Overall, the study highlights that advancing age, high-risk fracture types, implant selection, abnormal biochemical markers, larger incisions, and prolonged surgical duration significantly increase the likelihood of SSI. Strengthening aseptic measures, improving nutritional optimization, and minimizing operative time may substantially reduce postoperative infection rates.

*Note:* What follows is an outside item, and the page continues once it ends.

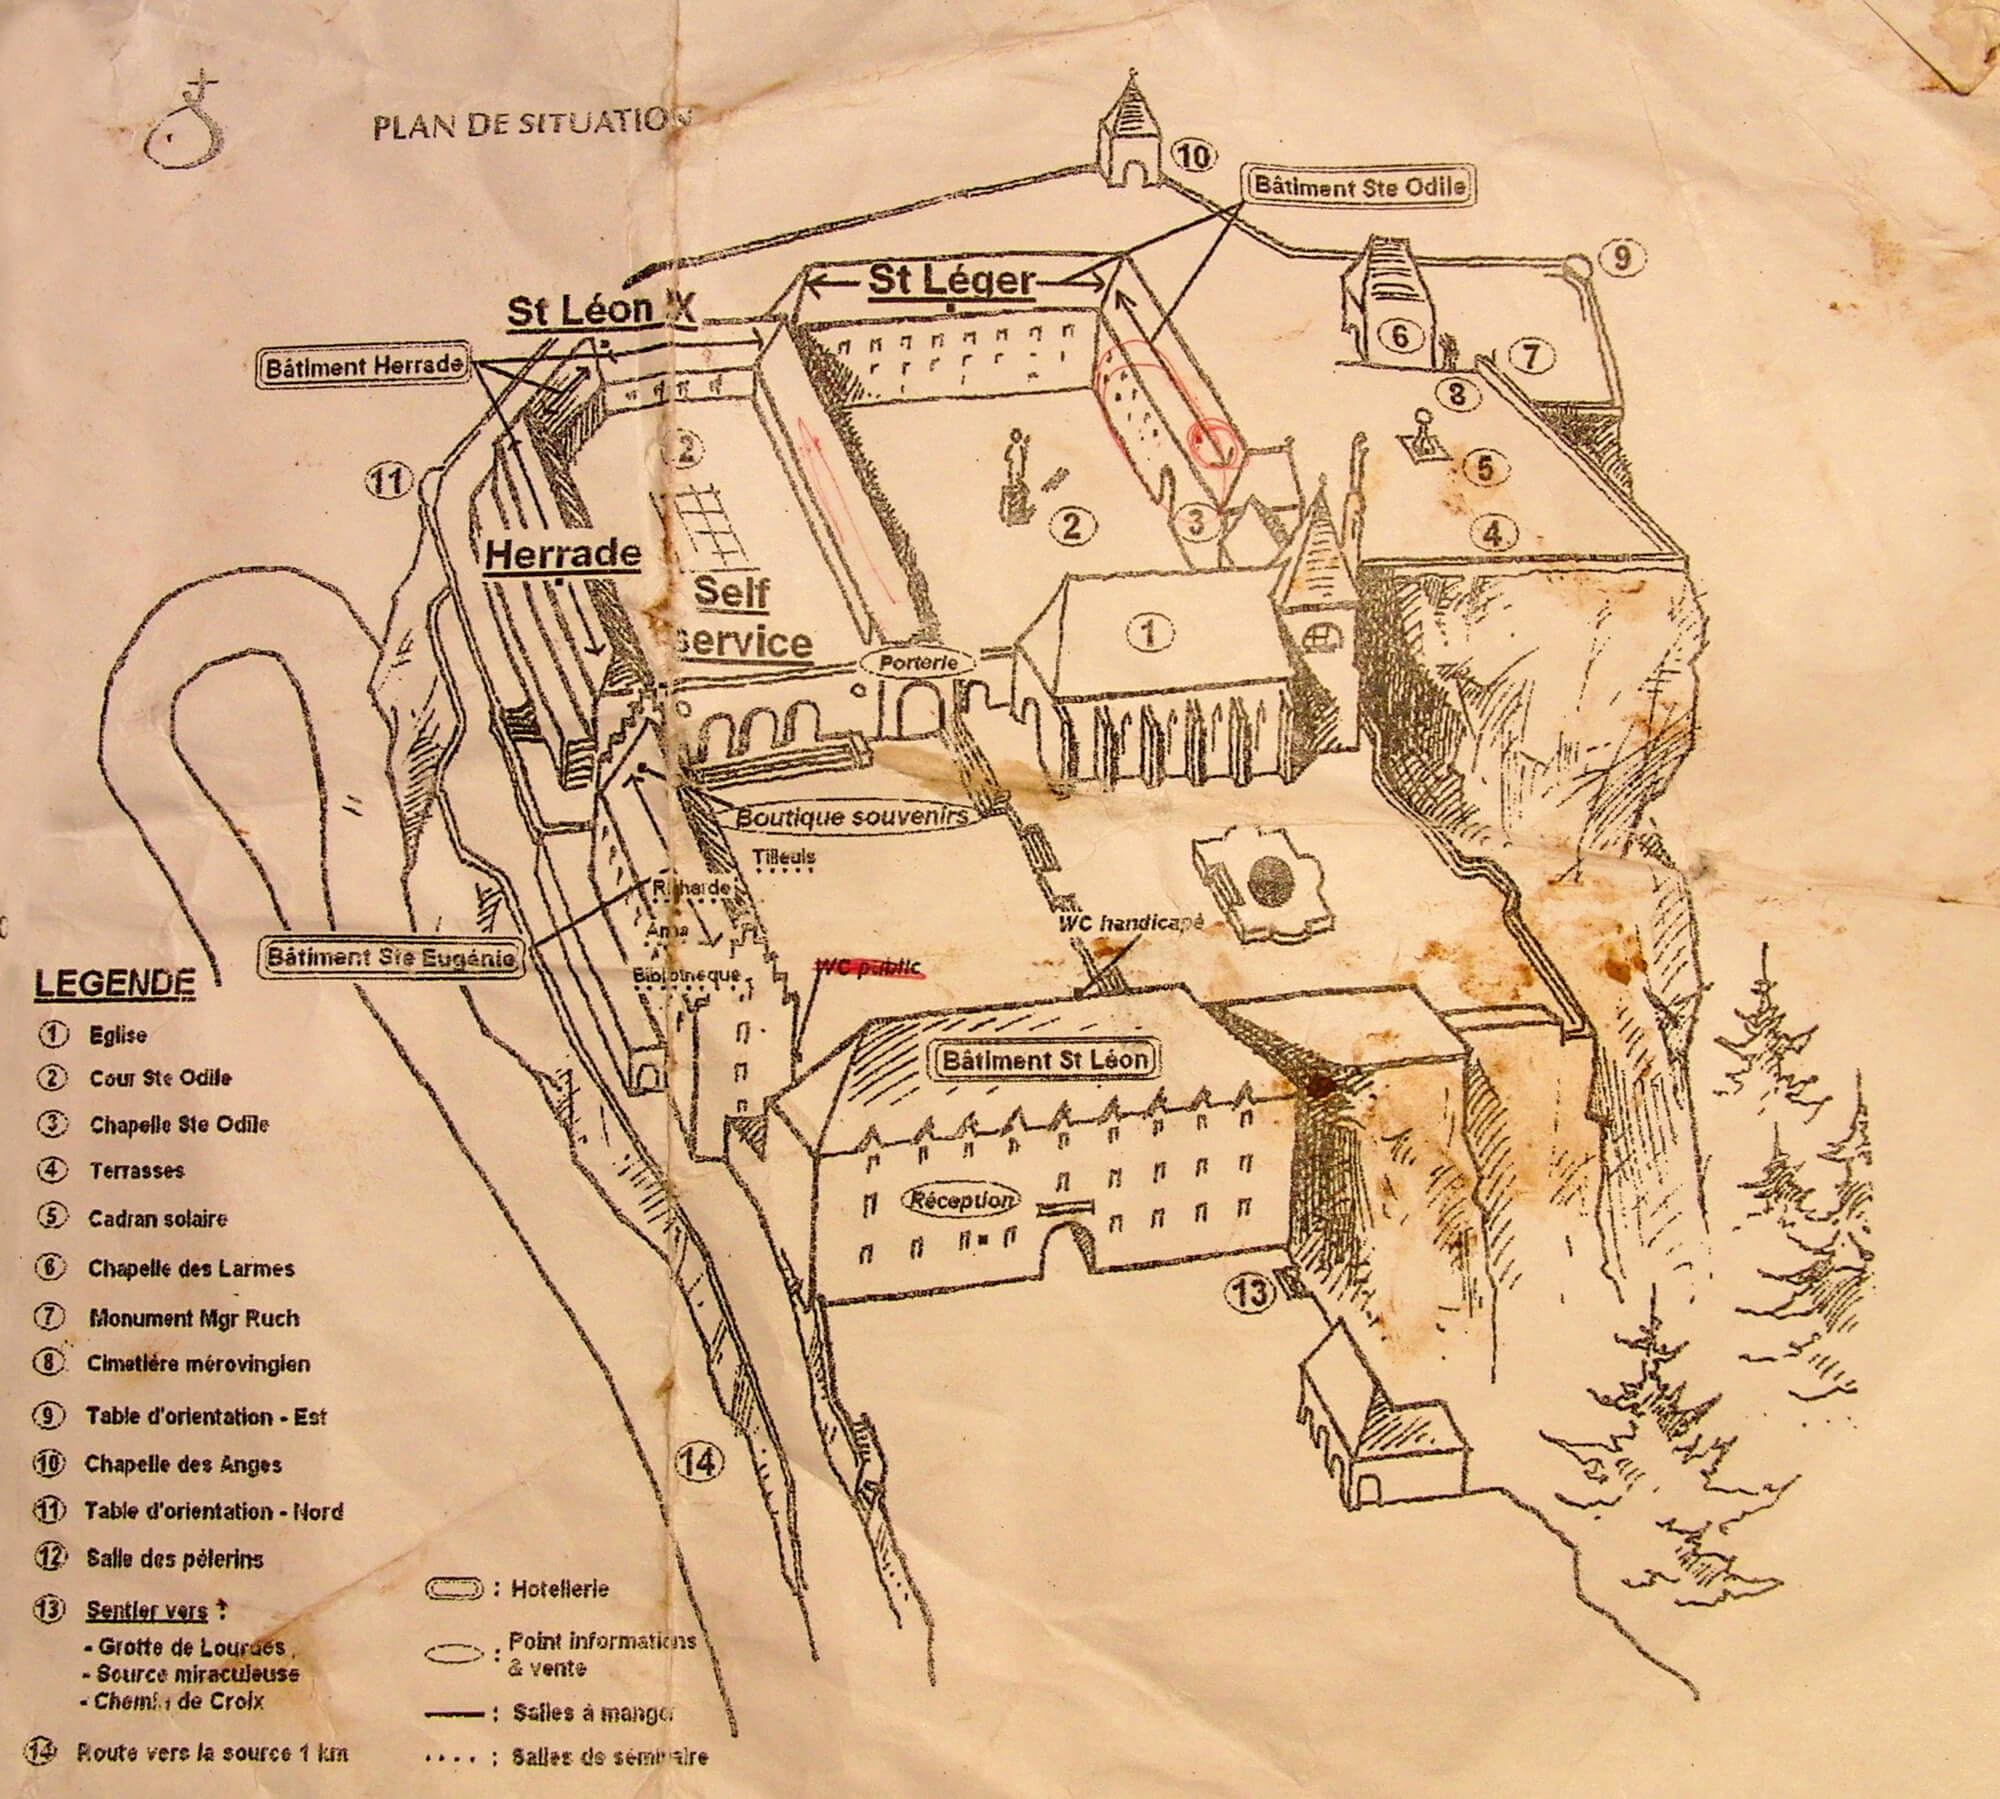 Map of monastery and adjoining hotel. This map was obtained and used by an amateur sleuth who visited the monastery in May 2011 looking for its secret passages. Courtesy adventurecycletour.wordpress.com.

The findings of the present study indicate that surgical site infection (SSI) remains a significant postoperative complication following open reduction and internal fixation of long bone fractures at Assam Medical College, Dibrugarh. Higher rates of SSIs were observed in cases involving pedicle screw fixation for vertebral fractures and nailing procedures for proximal femur fractures, with lower limb long bone fractures showing greater susceptibility compared to upper limb cases. Preoperative abnormalities in serum albumin, globulin, and the albumin–globulin ratio were found to be significantly associated with the occurrence of SSIs, underscoring their potential value as economical, objective, and convenient biomarkers for early identification of high-risk patients. Incorporating these parameters into routine preoperative screening may enhance the ability to predict and prevent SSIs in adult patients undergoing implant-based orthopaedic interventions. Given the substantial resource burden associated with managing SSIs, there is an ongoing need for effective screening protocols and innovative preventive strategies to mitigate their impact on both patients and healthcare providers.